Given records -
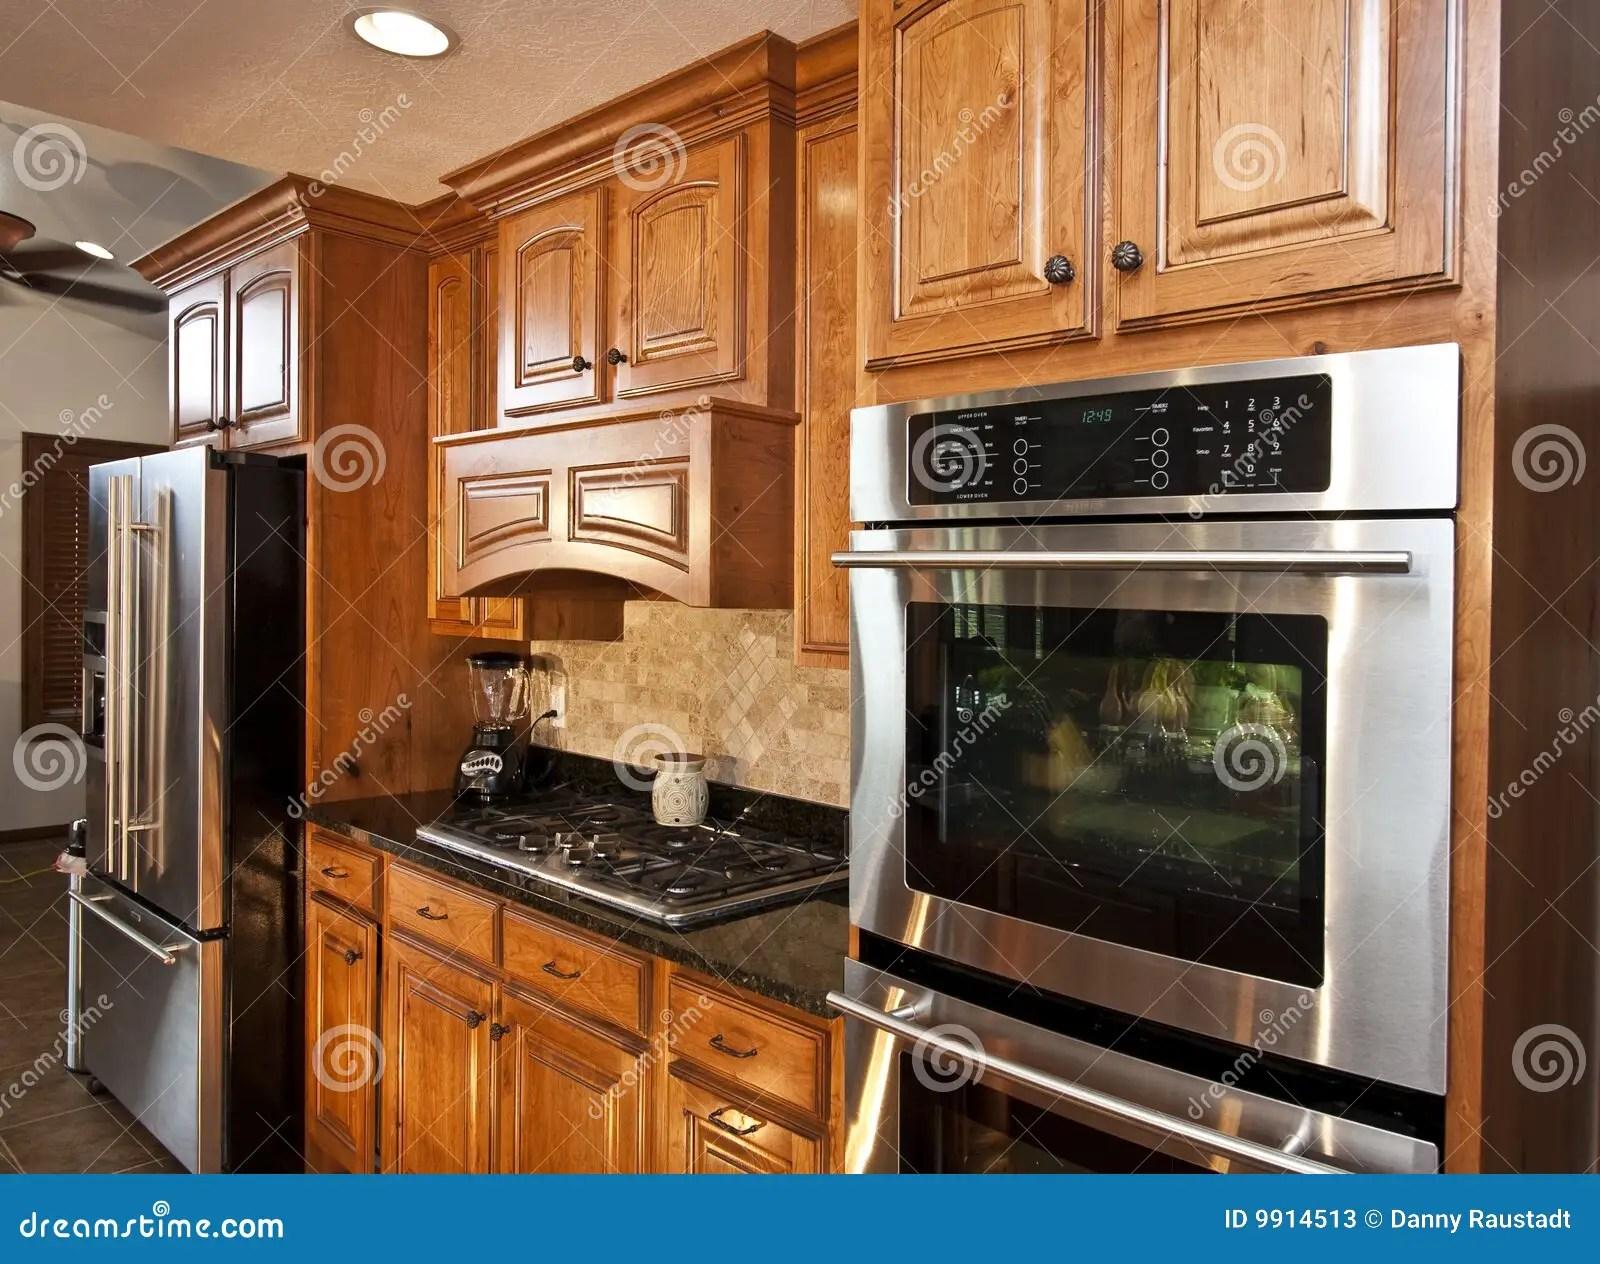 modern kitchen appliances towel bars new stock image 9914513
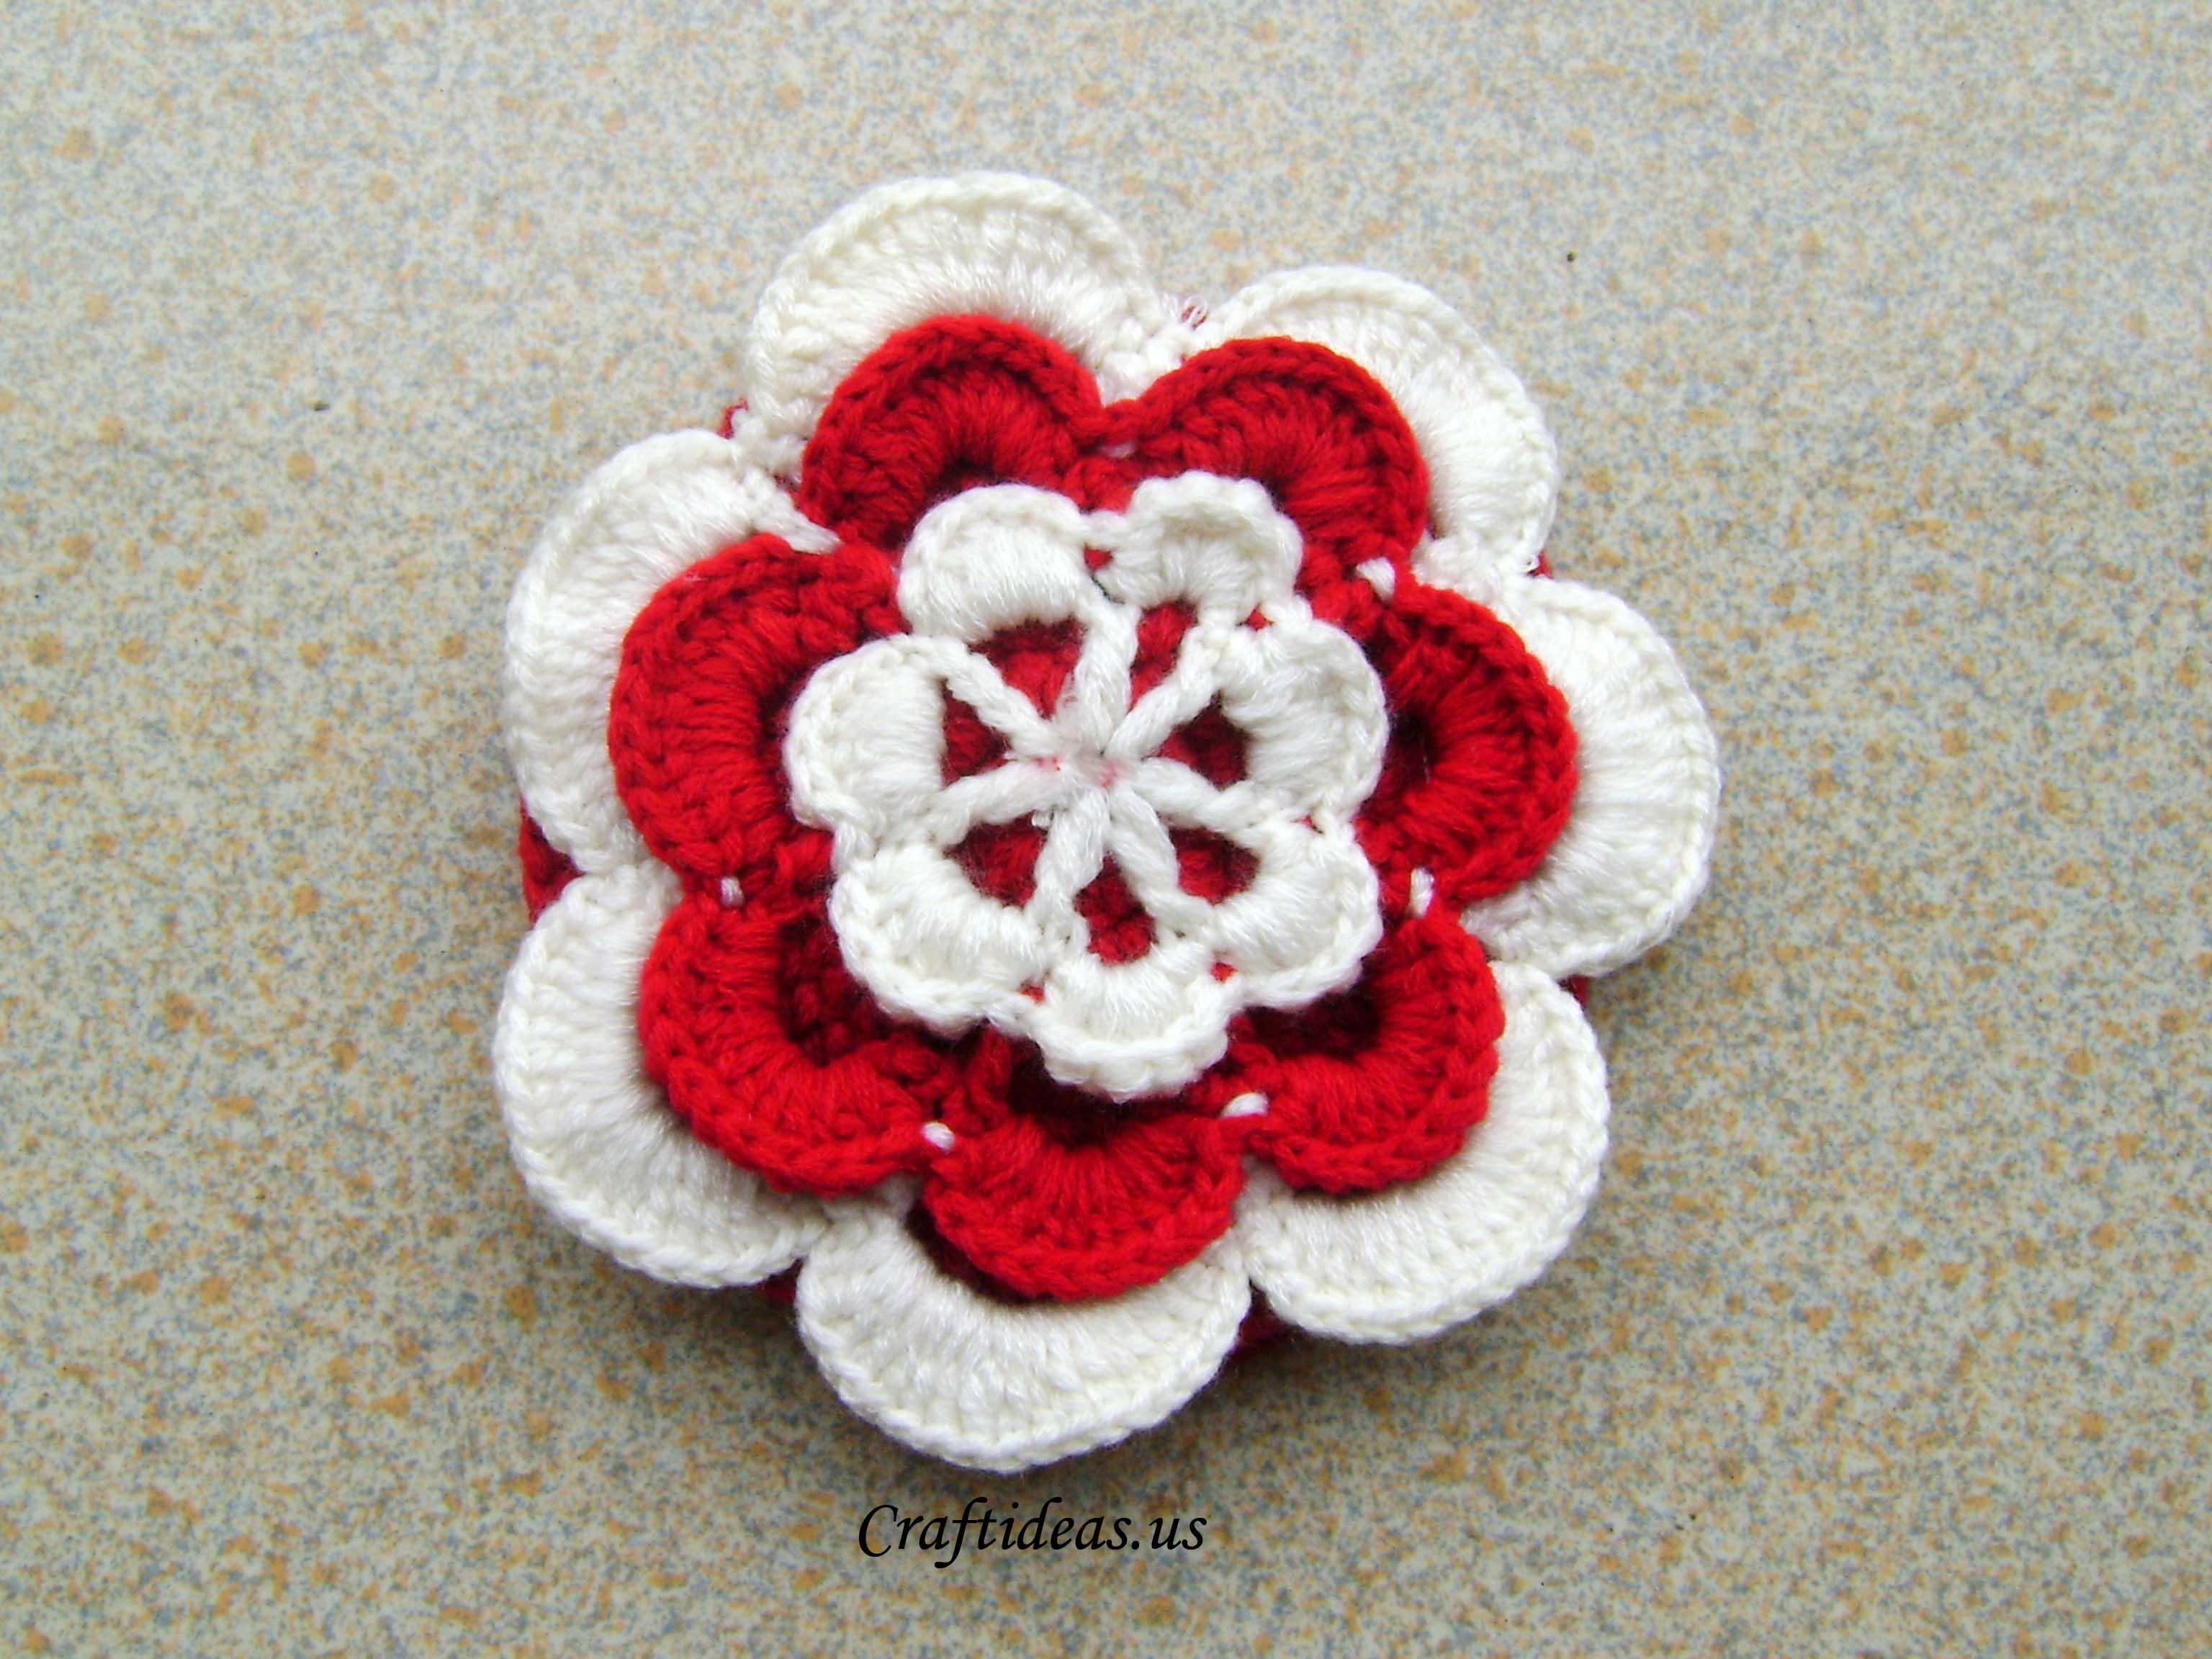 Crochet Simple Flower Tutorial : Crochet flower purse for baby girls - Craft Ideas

---

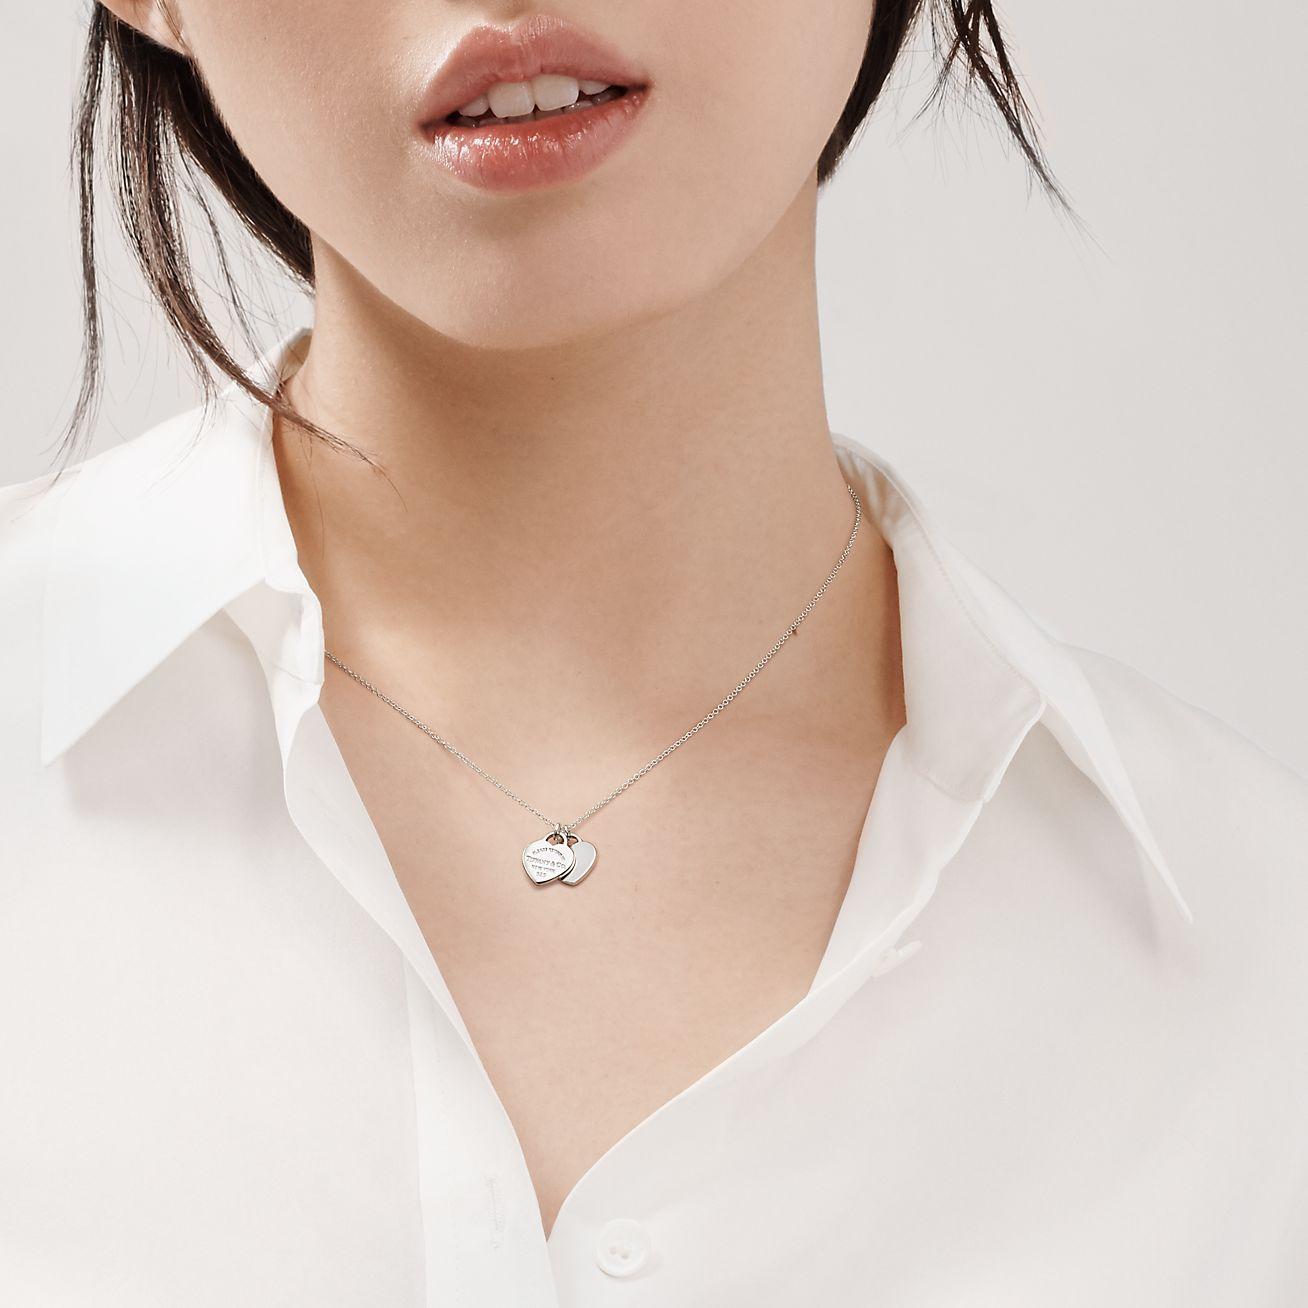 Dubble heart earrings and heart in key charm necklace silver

Your instructions -
Copy nothing but the lines above that run from the one with "modern kitchen appliances" to the one with "Crochet Simple Flower", ends included; pictures stay out.

Response to the exercise -
 modern kitchen appliances towel bars new stock image 9914513
 Crochet Simple Flower Tutorial : Crochet flower purse for baby girls - Craft Ideas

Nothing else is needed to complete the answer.